Ok. Maybe covid caused an unexpected drain on the self insured health fund. Subject to verification, it is possible that State Auditors said that there was too much money being left idle in that fund. It is possible that the accounting reports were not kept up to date although, since that should be possible even working remotely.
But how on earth can the auditor know that interest is due on a loan and not know where that interest is to be paid? Even with it being just juggling various country held funds internally to make up a deficit, there has to be some record of the transfer.
This crap surely comes from the smoke and mirrors financing of a hundred “grants”, loans, etc from the State and Federal government. All that “free” money that has so many conditions, reports and accountings attached to it yet that no government entity can seem to resist. I hate the waste of government by grant where what should be a simple pot of money becomes hundreds of small amounts with rules about how it’s spent that eat up so much time and money in its trickle down the government bureaucracies. The State and Feds love it in that they do not have the burden of personnel to administer it but put the burden on those who aren’t able to meet. This never ending government patronage with other people’s money is a farce.
You just don’t know how Mendo finances work. The Board of Stupes promises that certain taxes will be used for a designated purpose; however, it directs the collected monies into the general fund. From there, it is passed out via the consent calendar to avoid public notice of the spending. The expenditures will have nothing to do with the purposes for which they had been touted. Much of the money is spent on consultants, in an effort to keep the workload off the county’s rulers. All this jiggery-pokery is committed off the cuff, with no accounting/reporting.
Mendocino County, when it comes to incompetence and corruption, you never let us down.
Look to former execs, not the current ones dealing with the flood they caused
This sentence trumpets corruption.”Theformer auditor Lloyd Weer had borrowed money from an unknown fund to cover the deficit, incurring $40,000 in interest payments. The loan was never authorized by the Board.”
Does Mr.
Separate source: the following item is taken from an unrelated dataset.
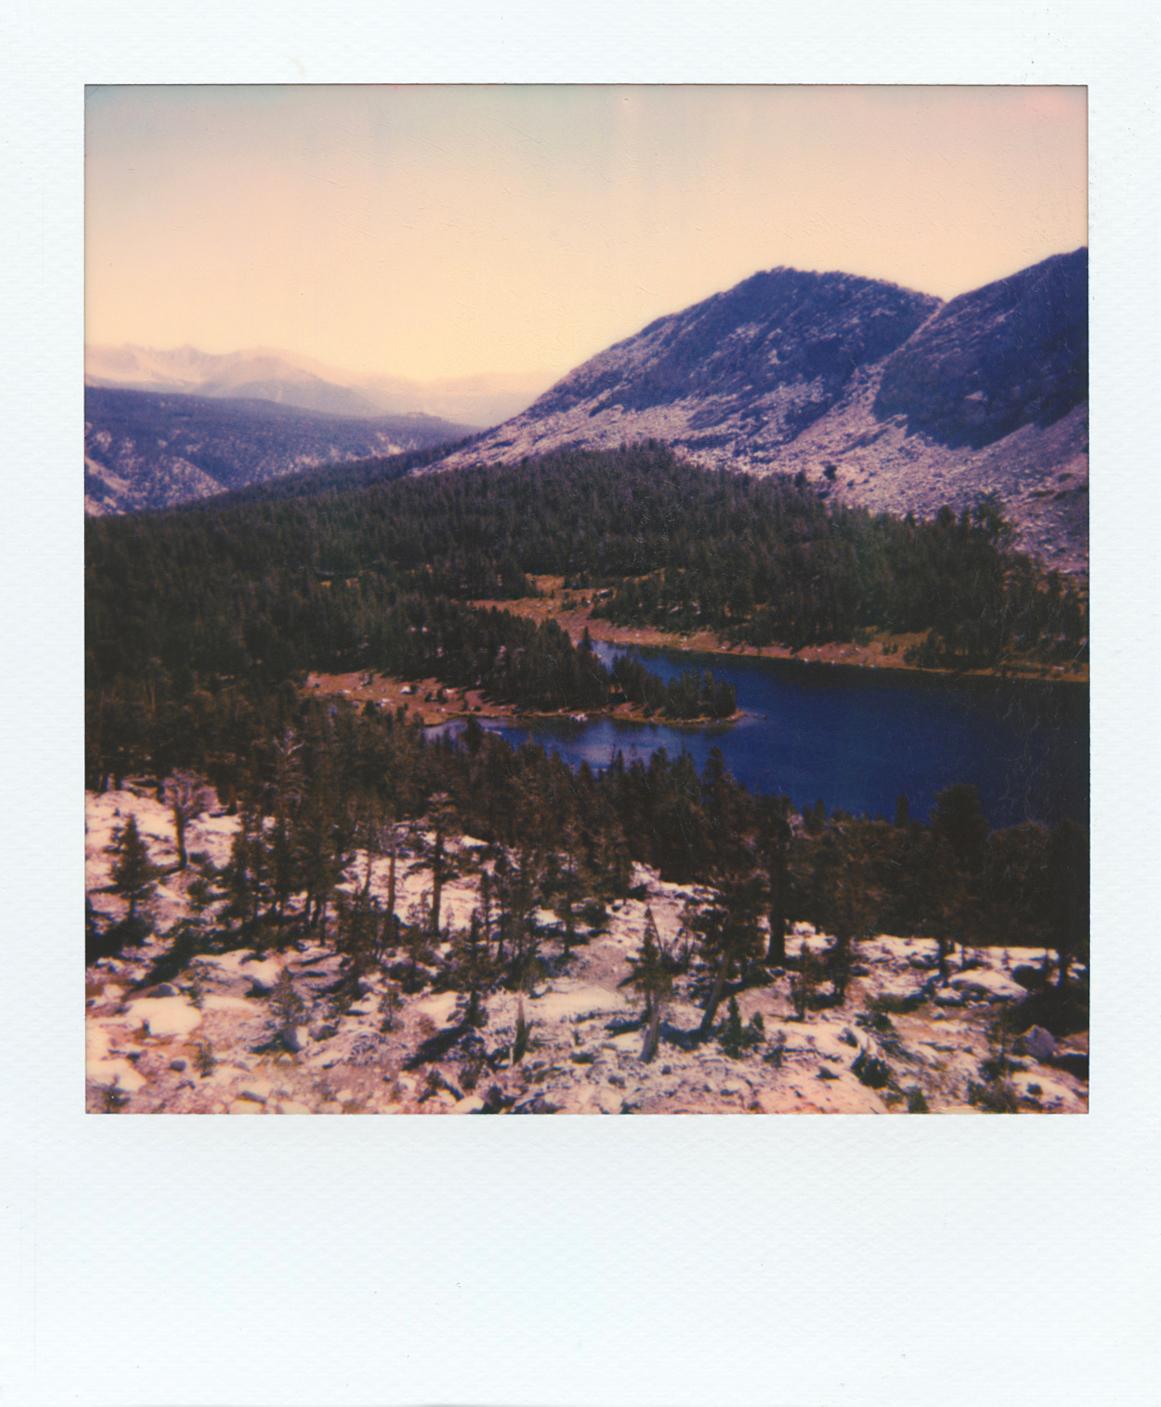 Little Five Lakes | Polaroid Sun 660AF | Polaroid Originals 600 Color | Michael Behlen

Weer have insurance to pay back the county the millions of dollars he borrowed without legal authorization? Will the Board of Supervisors at least sue him for the 40,000 of interest arising from his illegal act?
The article never mentioned Weer still works for the county. Why didn’t the Board fire him last week? He is supposed to appear on October 4th. The meeting will be broadcast on the Mendocino Board of Sups web site. Tune in.
Some more unanswered question? Since the employees got free health care insurance for six months, will they either pay that money back to the county or will the 10 million be deducted from any wage and benefit increase?
The article did not mention the public employee union got two bonds issued to fund their outrageous benefits package which totals 500,000,000 in unfunded retitrement, an amount that will bankrupt Mendocino County. That is the elephant in the room the reporter never mentioned.
Why did not the reporter not interview some of the Board members like Ted Williams who are trying to establish a financial system that will be accountable to the Board. The Auditor does not need to be elected under state law. A finance department can replace her.
Finally what about Auntie Angie laughing everytime her huge monthly retirement check arrives in San Diego. What role did she play in this malfeasance>
A forensic auditor needs to examine the books and identify every guilty party and they must be punished, or let the IRS’s 85000 new auditors come in and examine the books.
Maybe the reporter can ask the board members how “the county’s healthcare plan reserves were too high.”
It seems to me you want to have a surplus in your health plan and the only people who should spend that surplus on something else is the board.
It begs credulity how an auditor can tap into a surplus with NONE blowing the whistle on him. Was Weer the Auditor also representing the union when he took money out of the surplus without representation or did he benefit by getting free health care for six months?